Mastering Stock Market Predictions: Machine Learning, LSTM, and Statistical Analysis

In this article, we will delve into the cutting-edge techniques being used for stock market predictions.

Jun 22, 2025

∙ Paid

From visually representing technical indicators to enhance our understanding of market behavior, to implementing machine learning projects specifically designed for stock market prediction, we leave no stone unturned. We will explore the application of Long Short-Term Memory (LSTM) networks, a type of recurrent neural network renowned for remembering past information, perfect for the temporal nature of stock market data.

# Import Modules

import numpy as np
import pandas as pd
import os
import random
import copy
import matplotlib.pyplot as plt
import pandas

You imported the following modules in your code snippet:

Python’s numpy library is used for scientific computations. In addition to arrays, matrices, and related routines, it contains a high-level interface to these objects.

Python’s pandas library is used to analyze data. Data structures and analysis tools are provided in an easy-to-use, high-performance package.

Operating system functions are provided by OS, which is a module.

The random module provides functions for generating random numbers.

The copy module provides functions for copying objects.

Python plots can be created using matplotlib.pyplot.

Python’s pandas library allows you to analyze data. A high-level data structure and data analysis tools are provided.

In the current namespace, a module is imported using the import statement. By using this approach, you don’t have to specify the full path to the module to use its functions and variables. To create an array, for instance, you can use the np.array() function after importing the numpy module.

Onepagecode’s Newsletter is a reader-supported publication. To receive new posts and support my work, consider becoming a free or paid subscriber.

Choose 8 random stock data for analysis

#filenames = [x for x in os.listdir("./Stocks/") if x.endswith('.txt') and os.path.getsize(x) > 0]
filenames = random.sample([x for x in os.listdir() if x.endswith('.txt') 
                           and os.path.getsize(os.path.join('',x)) > 0], 8)
print(filenames)

In the code snippet, a variable called filenames is defined and a list of file names is assigned to it. To find these file names, use the os.listdir() function to list all the files in the ./Stocks/ directory. File names ending in .txt and with a file size greater than 0 are included in the list. Due to the fact that it begins with a #, the line is currently commented out.
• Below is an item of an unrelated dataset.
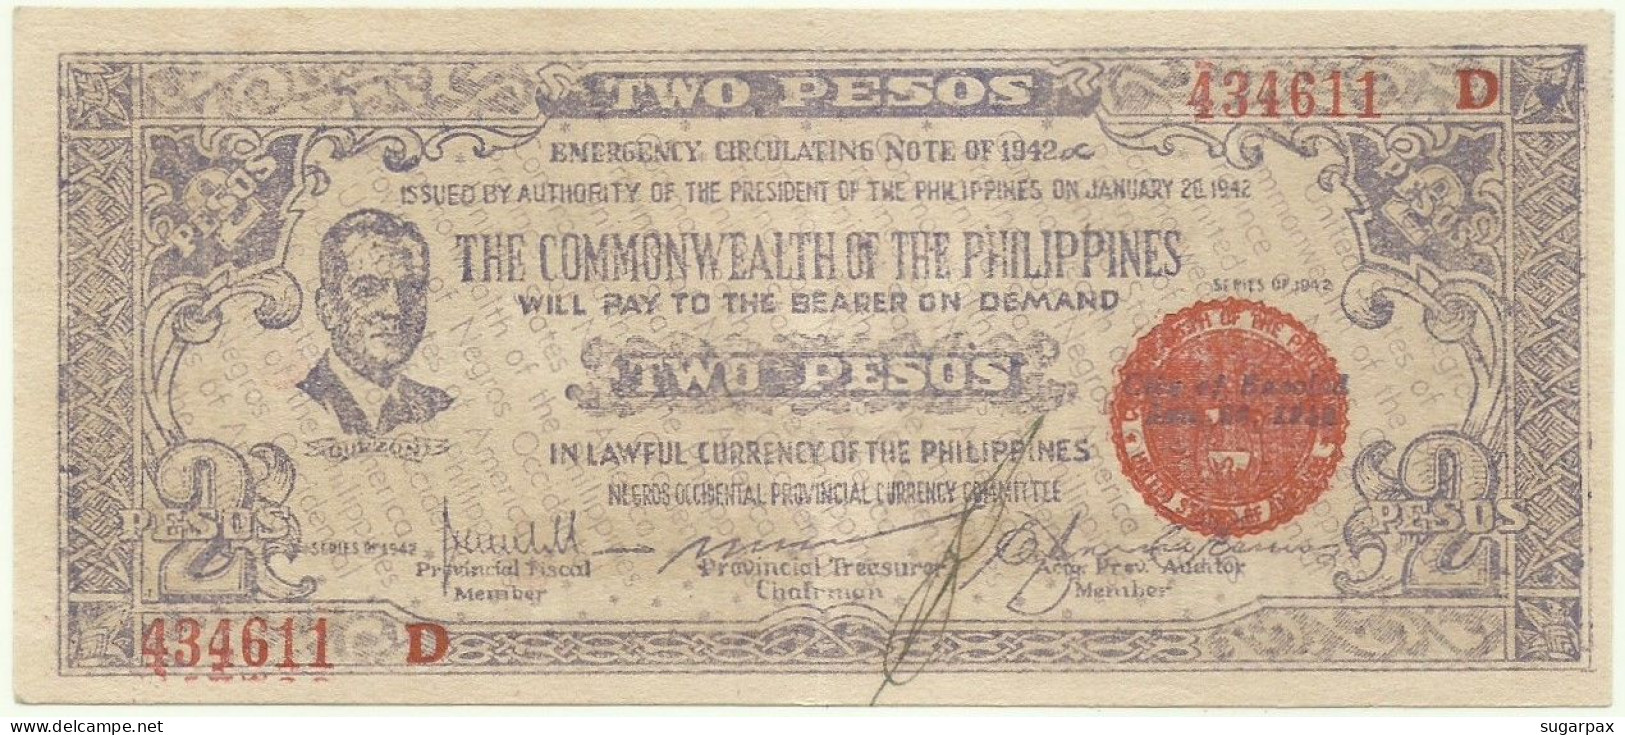 PHILIPPINES - 2 Pesos - 1942 - Pick S 647B - Serie D - NEGROS Occidental Provincial Currency Committee - Filipinas

Following that, the code snippet assigns a list of 8 random file names to another variable called filenames. In the current directory (where the script is running), all files that end with .txt and have a file size greater than 0 are selected. We randomly select 8 file names from the list using random.sample().

Lastly, the code snippet prints the list of 8 randomly selected filenames.

The code retrieves a list of file names that meet certain criteria (ending with .txt and having a non-zero file size) from a specific directory or the current directory, and then selects 8 random file names from it. The selected file names are then printed.

Read data into dataframes

data = []
for filename in filenames:
    df = pd.read_csv(os.path.join('',filename), sep=',')
    label, _, _ = filename.split(sep='.')
    df['Label'] = label
    df['Date'] = pd.to_datetime(df['Date'])

    data.append(df)

Data is extracted from a collection of files using the provided code.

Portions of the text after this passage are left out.